I always kind of wondered when Birthdays would stop being a thing for me. Birthdays were always a thing for me.
Today I am 34 years old. And this is the birthday that birthdays stop being a thing.
I always loved birthdays. Not just for myself but for the special people in my life. Birthdays are your own. You do not share birthdays (for the most part) with anyone else unlike most gift giving/celebratory holidays.
Christmas is Jesus’ birthday and the older I get the more I get away from making a big deal about a holiday celebrating a religion I am not.
Valentine’s Day is Hallmark holiday, whack.
Easter, again, another religion based holiday which honestly my own family never really celebrated.
Mother’s Day another Hallmark holiday.
But birthdays… birthday’s are all your own. You get to celebrate another year on earth; life. You get to celebrate you (or your loved one). I love birthdays. I will spend a fortune on someone’s birthday as opposed to that same person at Christmas or any other day of the year.
Please do not take my love of birthday’s to mean that I have to have a big party or fan fare. Quite the opposite. I personally like to keep my birthdays LOW KEY.
When I was a kid my mother would never just “let me” stay home from school, except my birthday. She would let me skip school and we would go shopping. Every year until I graduated High School at least. And I will never forget the year my dad sent me flowers at school for my birthday. I was in elementary school and I got called down to the office – and I was never the kid to be called down to the office. I remember so clearly walking into the office and seeing these beautiful purple flowers on the secretary’s desk. Then the secretary said they were delivered for me. I loved purple back then. I don’t think my dad remembers that birthday; I don’t even remember how old I was but gosh that has to be my favorite birthday memory.
As I got older my mother stopped taking my shopping but I continued to make sure I was off for my birthday. I think my entire adulthood I have worked exactly one birthday and it was the weirdest feeling ever.
Life changed and instead we started getting my family together for dinner to celebrate. My mom was not much of a cook when I was growing up (she still is not) so every year for my birthday I would ask my mom to make the two things she actually cooked – backed mac and cheese and Salisbury steak (aka, “my special meat” – I never knew what it was called when I was a kid, but I loved it). It is the only time of the year I actually ask her to cook.
Today I am 34 and it is the first time in at least 10 years where she did not make it. Instead we got together as a family yesterday at my parents house for lunch for my birthday. We had pizza.
Granted, my sister lives two hours away so it is a hike for her to come home…
But to celebrate my 34th birthday my mom ordered pizza. I loved getting to spend time with my family, but pizza.

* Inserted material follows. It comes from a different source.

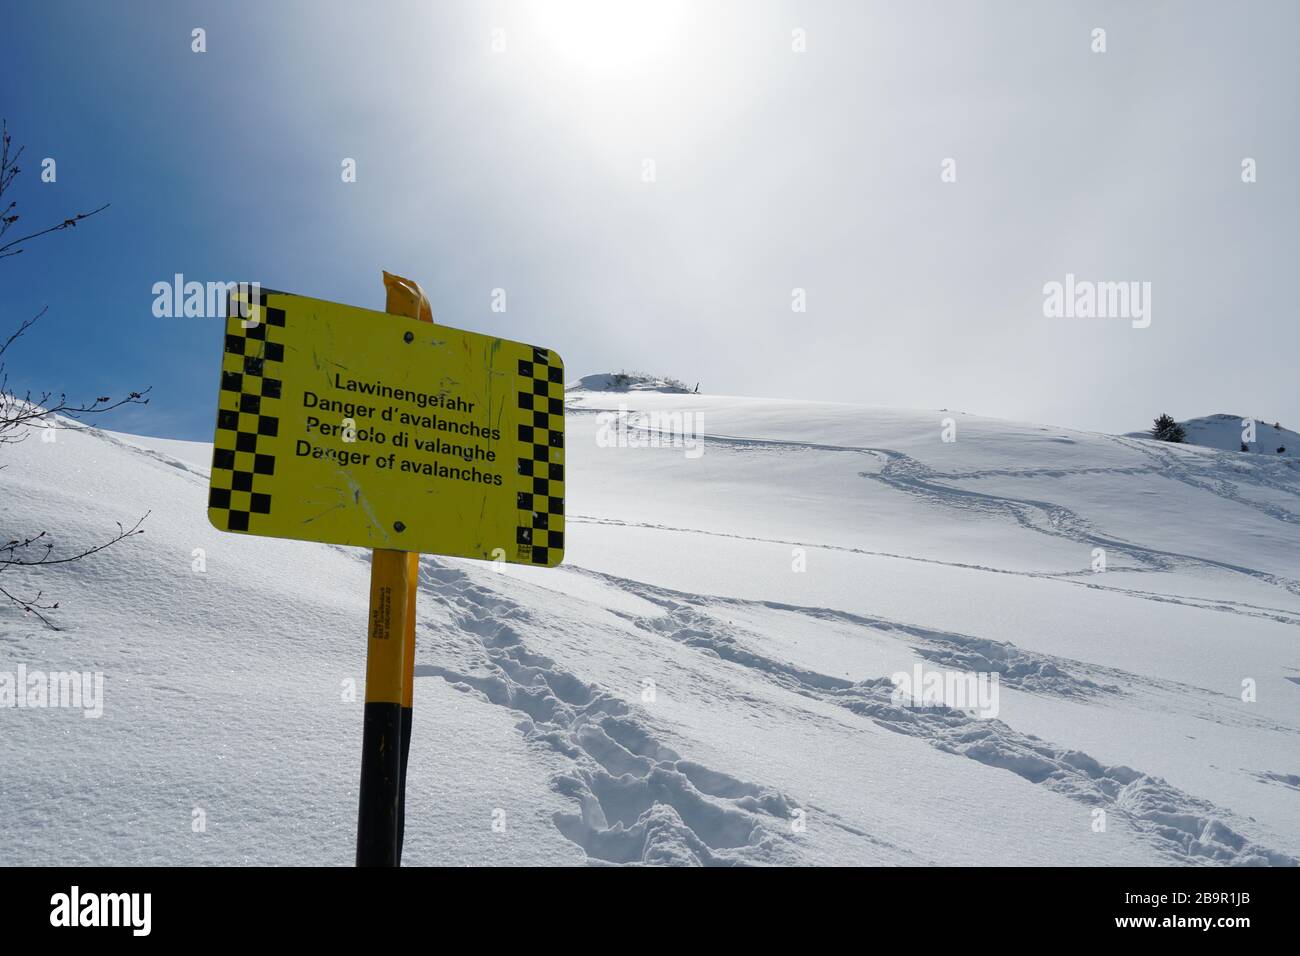 A sign post or signpost warning from avalanches in German, French, Italian and English, in skiing resort, Hoch Ybrig in Switzerland Stock Photo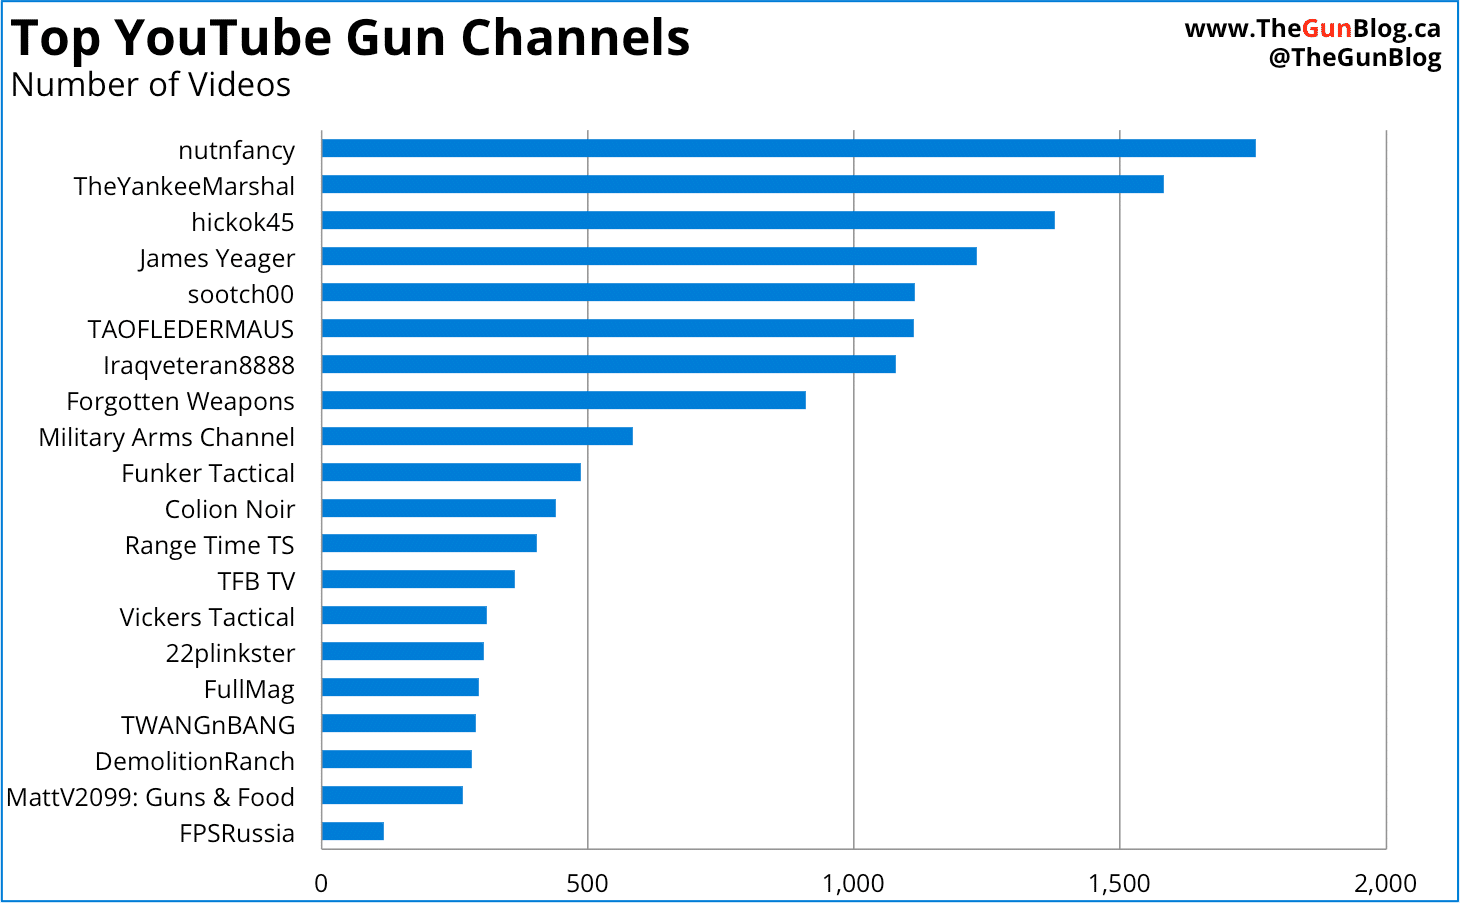 Top YouTube Gun Channels by Total Number of Videos

Sigh.
All that aside, my husband is still healing from ankle surgery so that was a large portion of the conversation yesterday. My father barely said two words to me, but was full of questions for my husband. He’s even planning to come over one day and bring him lunch. And when I mention that I would never get my father to bring me lunch if I were in the same situation I was told that I never did work around their house….
Today is my 34th birthday and my son did not even wish me a happy birthday. I went to the gym and got the dog ear cleaner. My daughter begged and pleaded for me to take her and her best friend shopping for Twin Day at school. (I did not take them). I made my own baked macaroni and cheese and salsibury steak (with ground turkey!). I cleaned the bathroom and the kitchen. My Uncle called me…. but first he spoke to my husband, talking to him about his broken ankle for several minutes then quickly wished me a Happy Birthday and let me go. I got a text from one of my coworkers…. wishing me a Happy Birthday, then asking how my husband’s foot was. All in one text. He doesn’t even really know my husband.
I realize I sound petty.
I sound pretty resentful too. I guess I am.
I am glad that my husband has so many people interested in his well being.
I am not someone who generally likes being the center of attention anyway. But for one day I just kind of wanted a day to myself. It’s been a hectic 30 days and would have been nice to just have one day in the last 30 days that did not involve someone asking how he is doing. Especially when I’ve pretty much told everyone he had surgery, is mobile and is recovering. I’m not sure if I would share anything beyond that anyway because I am a pretty private person.
I always thought I’d be a little older when I stopped making my birthday a thing. I thought my parents would be older. I thought my kids would be older.
Today is my birthday and it is just another day on the calendar.